Running JanusGraph with Cloud Bigtable

This tutorial shows you how to run JanusGraph on Google Cloud (GCP). JanusGraph is a graph database that supports working with large amounts of data. Graph databases help you to discover insights by modeling your data entities and the relationships between them. In graph terminology, entities are known as nodes or vertices and relationships are known as edges. Both vertices and edges can have associated properties.

Example of a property graph

Figure 1. Example of a property graph

Graph databases help you model a variety of domains and activities:

  • Social networks
  • Fraud analysis
  • Physical networks

When creating graph databases, you sometimes create millions or even billions of vertices and edges. When you use JanusGraph with Bigtable as the underlying storage layer, you can both execute fast queries and scale your storage layer independently for the size and throughput that you need. Use this tutorial to deploy a scalable JanusGraph infrastructure with Bigtable, which you can then use to traverse the relationships that exist in any graph database.

JanusGraph deployment with Bigtable on GKE

Figure 2. JanusGraph deployment with Bigtable on GKE



This tutorial uses the following billable components of Google Cloud:

  • Compute Engine, which is used by GKE
  • Bigtable

To generate a cost estimate based on your projected usage, use the pricing calculator.
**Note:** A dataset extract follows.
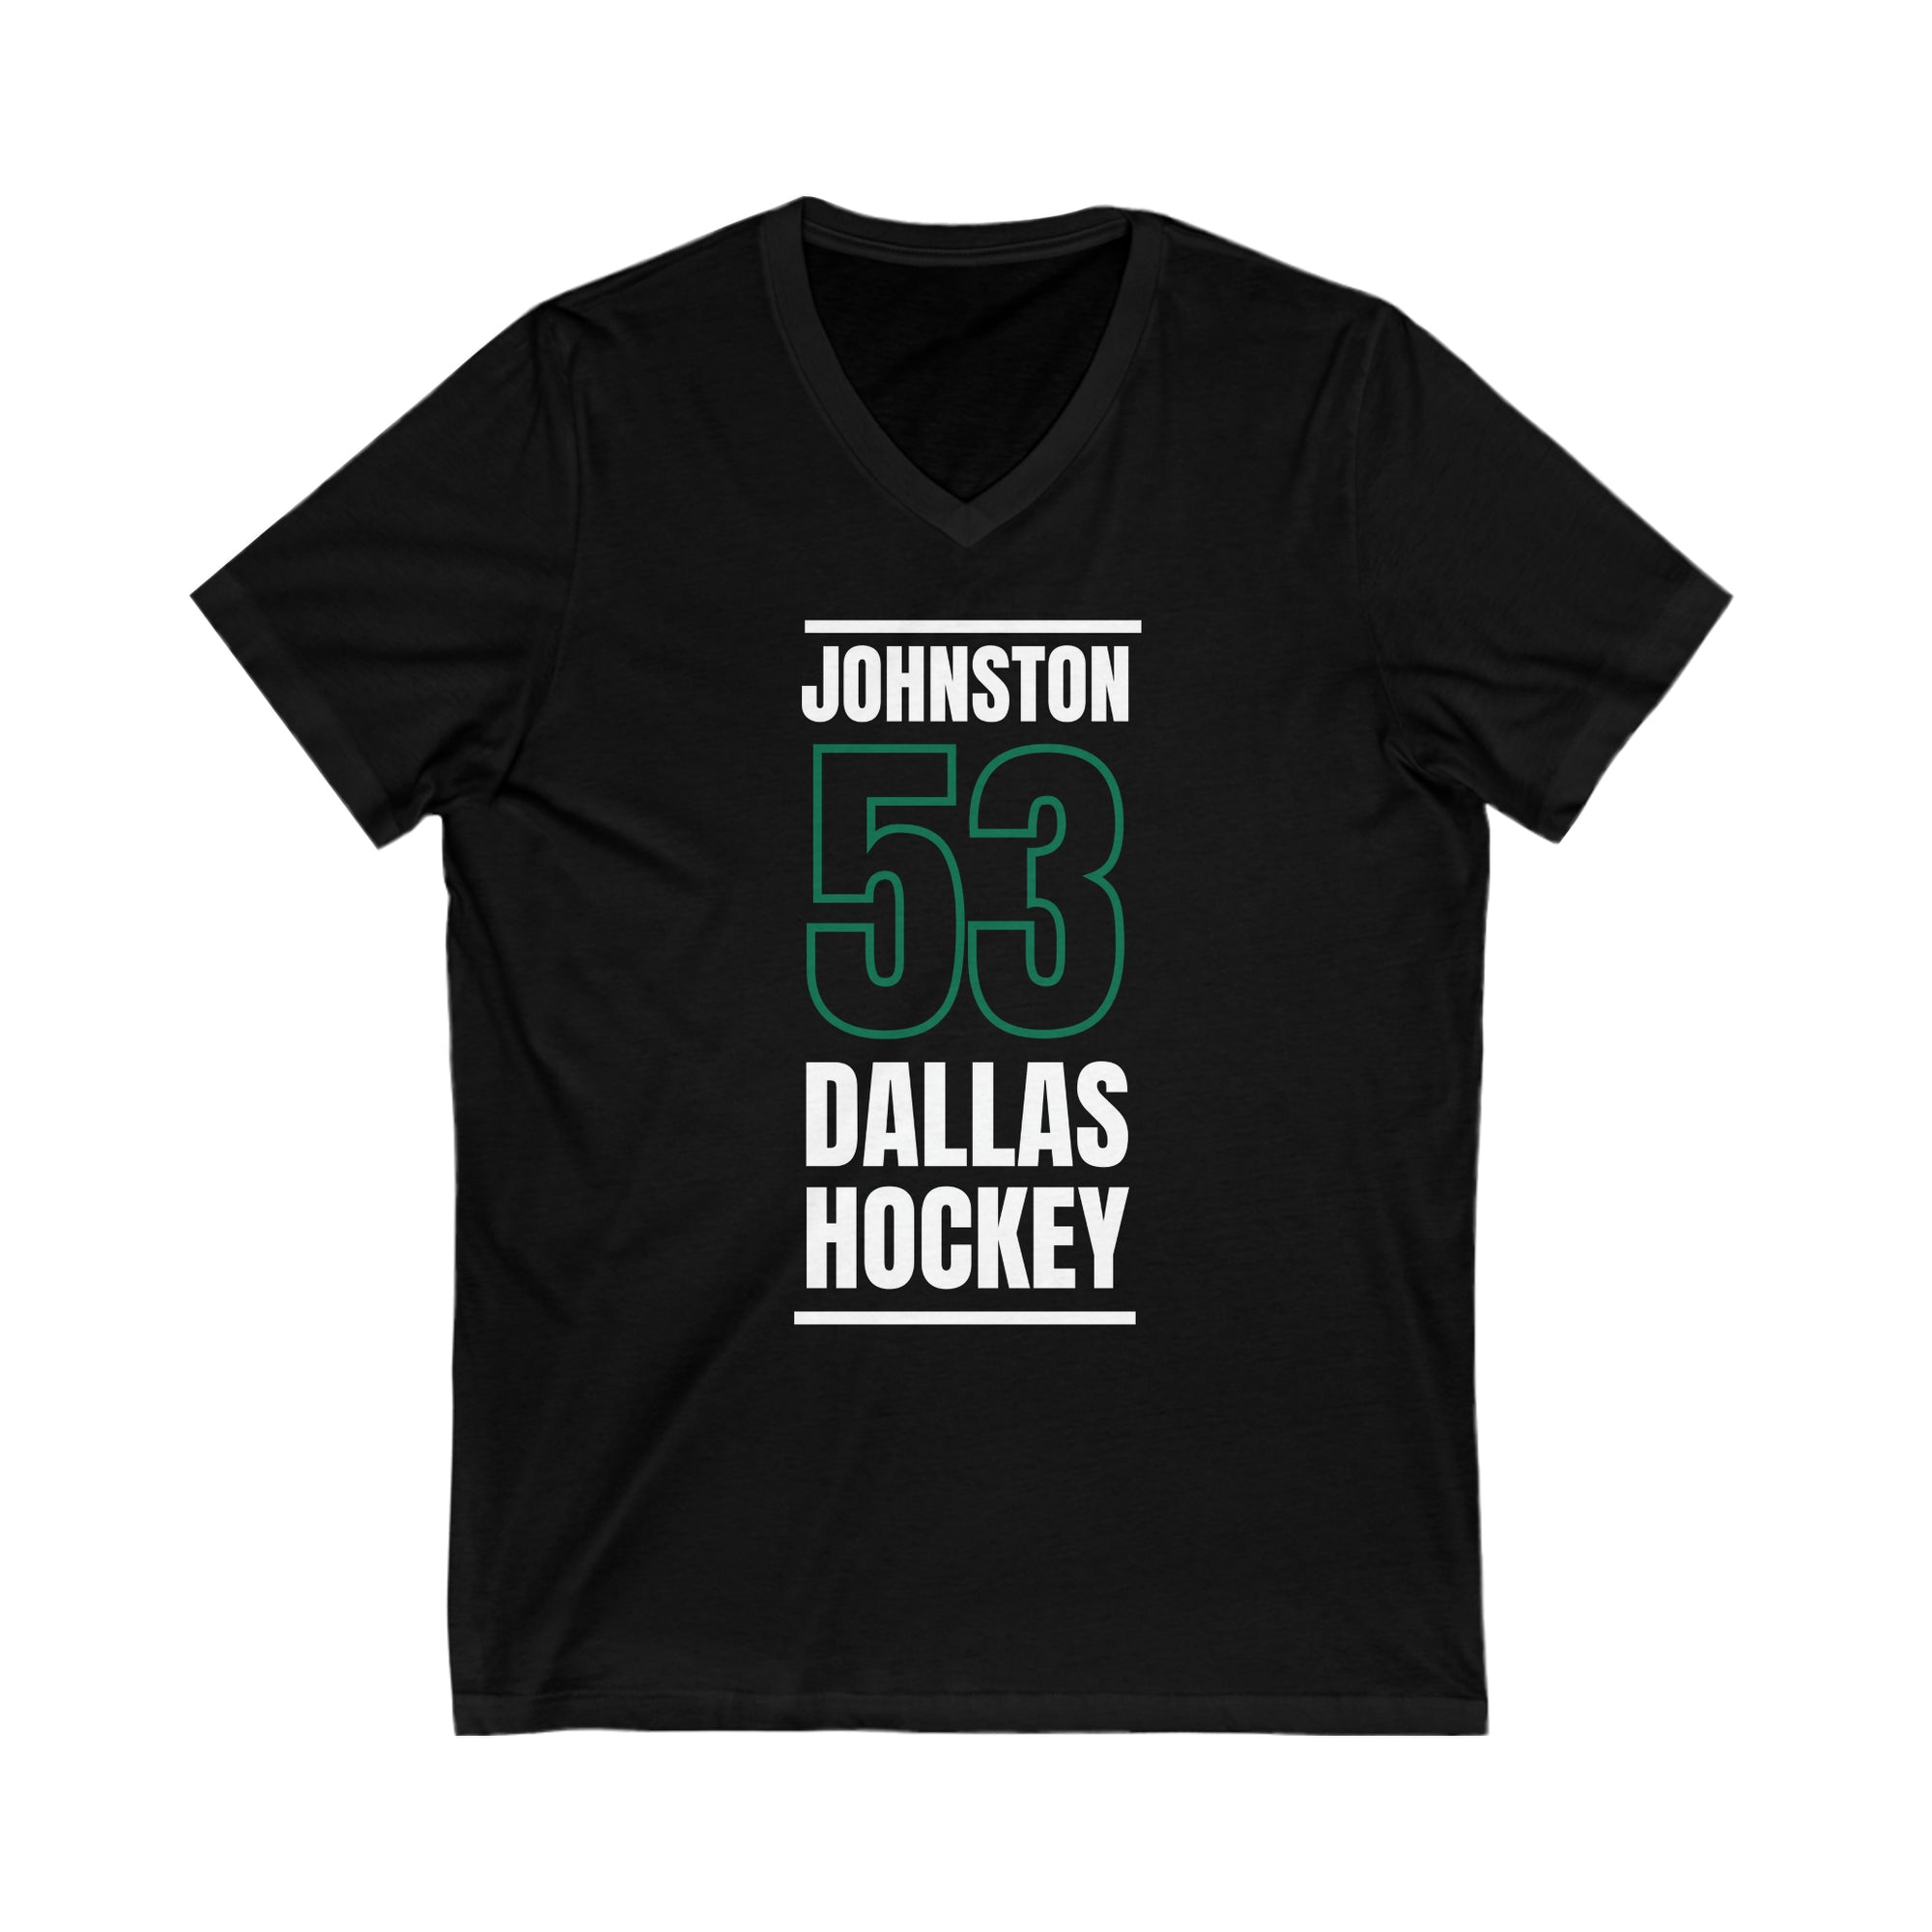 Johnston 53 Dallas Hockey Black Vertical Design Unisex V-Neck Tee

New Google Cloud users might be eligible for a free trial.

Before you begin

  1. Sign in to your Google Cloud account. If you're new to Google Cloud, create an account to evaluate how our products perform in real-world scenarios. New customers also get $300 in free credits to run, test, and deploy workloads.
  2. In the Google Cloud Console, on the project selector page, select or create a Google Cloud project.

    Go to project selector

  3. Make sure that billing is enabled for your Cloud project. Learn how to confirm that billing is enabled for your project.

  4. Enable the Bigtable, Bigtable Admin, Compute Engine, and GKE APIs.

    Enable the APIs

When you finish this tutorial, you can avoid continued billing by deleting the resources that you created. See Cleaning up for more detail.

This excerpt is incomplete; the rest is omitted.